There is a transition from the standard manufactured truss to what appears to two laminated beams. 
	

	
	
		
		

		
			





  These beams run the remaining 1/3 of the roof line.  At the start of this beam the rafters are just nailed into the side of the beam
	

	
	
		
		

		
		
	


	




 .   It seems this would not meet code for withstanding an earthquake like a manufactured truss with the plates.  The other concern is the support of the beam and rafters.  It is supported by free standing 2x4's that are then nailed at the base to the ridge sheathing of the bonus room. 
	

	
	
		
		

		
		
	


	






Does this meet current construction code for my area?

Many Thanks,
Michael


----------



## cda (May 3, 2017)

Welcome


----------



## cda (May 3, 2017)

If you are not a paying member sometimes you cann post pictures.

Some turn the pictures into links and post them


----------



## cda (May 3, 2017)

I am not into structural,, but  


Well should have been designed by someone that knew what they were doing.

And if in an area with inspectors, inspected and passed


----------



## tmurray (May 4, 2017)

Michael, put your pictures on dropbox or flickr and post the links here so we can get a better idea of your question.


----------



## Pcinspector1 (May 4, 2017)

With no pictures it hard to decipher the issues, but some times the right amount of nails, type of nails in the proper location provides an adequate and code compliant attachment.

Nails may have been required to be a certain type like common's and a certain length like 20's meeting shear strength requirements. 

Or could be missing the buckets (joist hangers). Refer to truss drawings for attachment requirements.


----------



## Mike6467 (May 5, 2017)

tmurray said:


> Michael, put your pictures on dropbox or flickr and post the links here so we can get a better idea of your question.

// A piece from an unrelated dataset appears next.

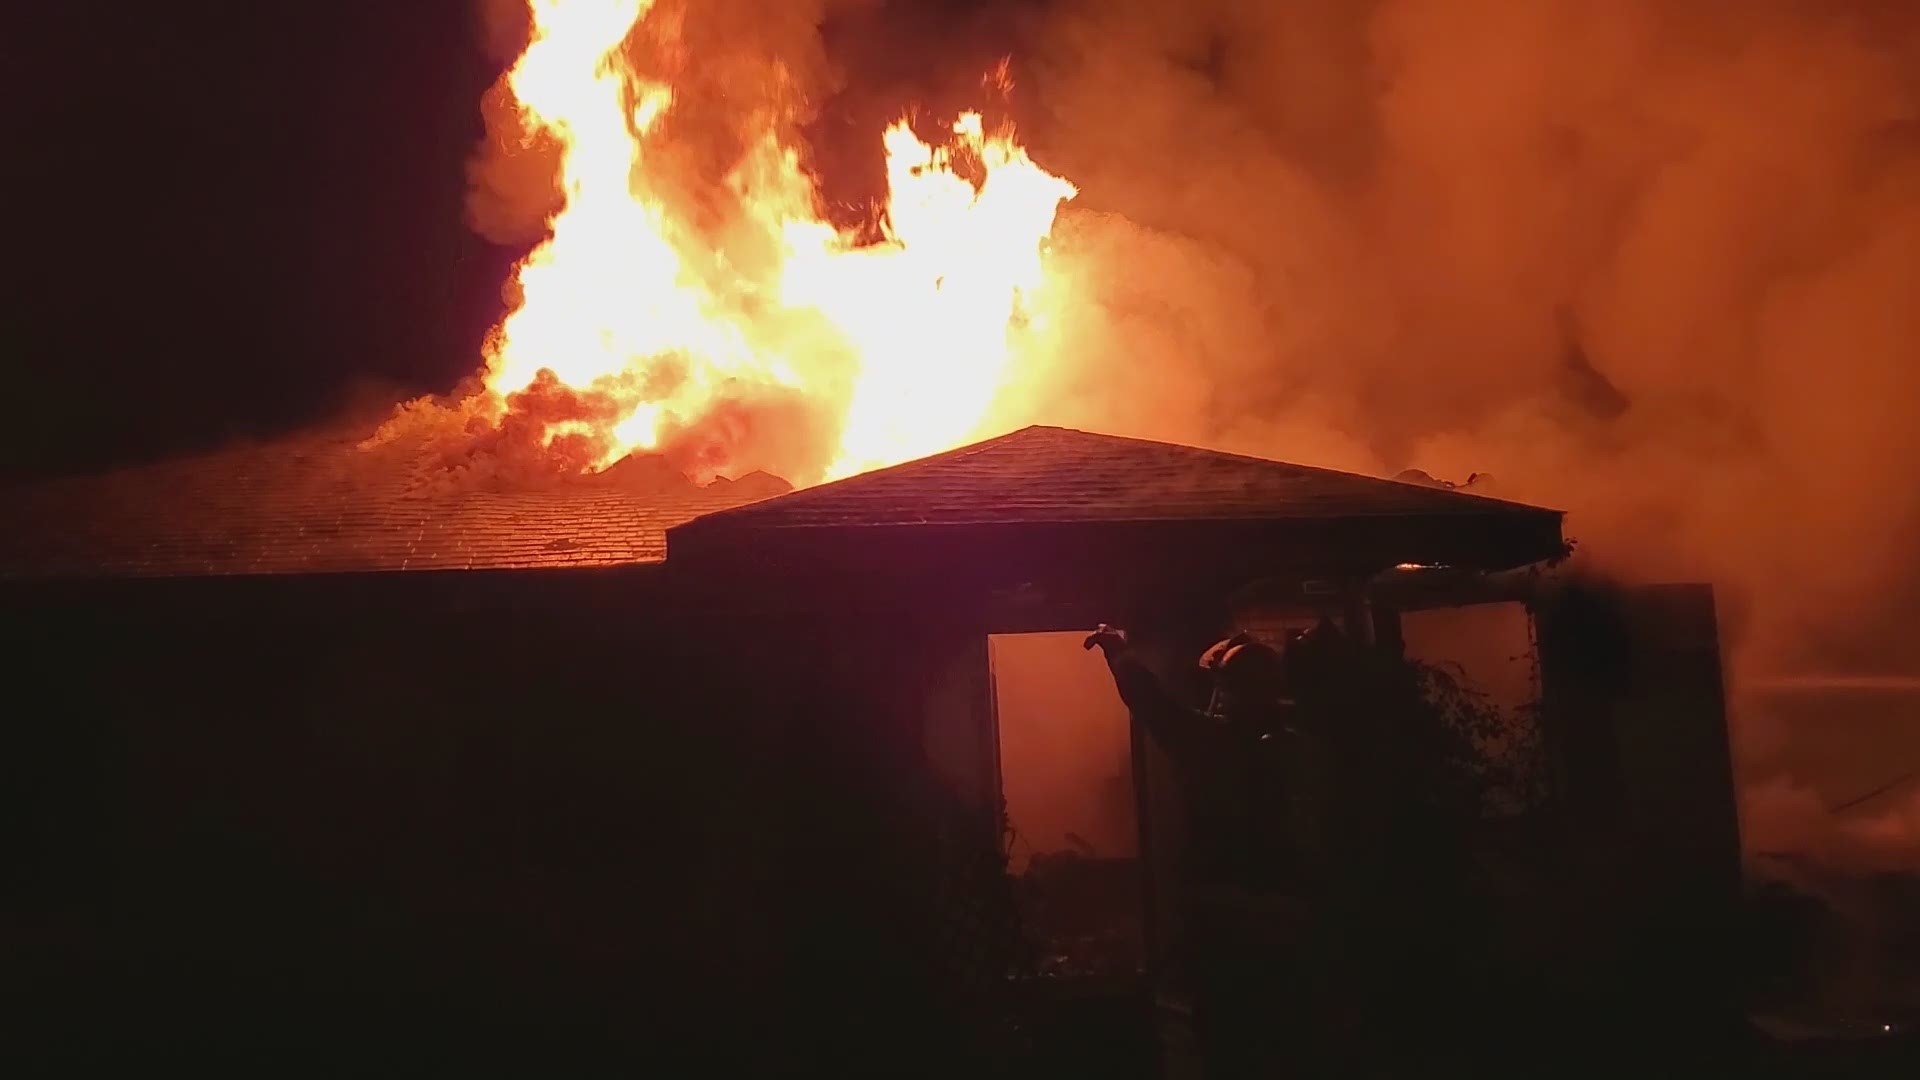 The St. Tammany Parish Fire Protection District No. 11 said the fire started around 11:51 p.m. Monday on Nelson Road in Pearl River.  No one was injured.

Hello, so this site allowed my to attach a dropbox url for the photos.  From Chrome all you need to do is right click over where it shows a picture with  next to it.  It will  then open in a separate window and you can view.  Let me know if that does not work and I will post another way.

Thanks, 
Michael


----------



## JCraver (May 5, 2017)

I still don't see any pics, nor any link to get to them..


----------



## Mark K (May 5, 2017)

While I cannot say for say for sure based on the limited information I doubt that this type of construction causes a problem with the ability of your house to resist earthquake forces.

You are probably better served by having an engineer look at your house if this is a real concern.


----------



## ICE (May 5, 2017)

Do you get a lot of earthquakes in Utah?


----------



## Mike6467 (May 10, 2017)

JCraver said:


> I still don't see any pics, nor any link to get to them..



Sorry about that, here are the pic drop box links in order as there were reference in the original message.  Yes, my concern is structurally for an event that would be rare like an earthquake but we also get a fair amount of load on it from heavy snow storms. 

https://www.dropbox.com/s/ch9fcyfbwi3k7hm/IMG_1438.JPG?dl=0
https://www.dropbox.com/s/bl92n46yv2hr24z/IMG_1436.JPG?dl=0
https://www.dropbox.com/s/j5idn7v1udl8p4d/IMG_1435.JPG?dl=0
https://www.dropbox.com/s/0odk9yhvmjcxwi3/IMG_1440.JPG?dl=0


----------



## cda (May 10, 2017)

Looks like something I would do


----------



## MtnArch (May 11, 2017)

It appears to be standard "stick" framing which normally doesn't require metal brackets, though there should be some horizontal collar ties to keep the rafters from spreading.


----------



## my250r11 (May 11, 2017)

I would not except the beam being supported buy the ties, would need bear on the 2X or have a approved hanger with correct fasteners.


----------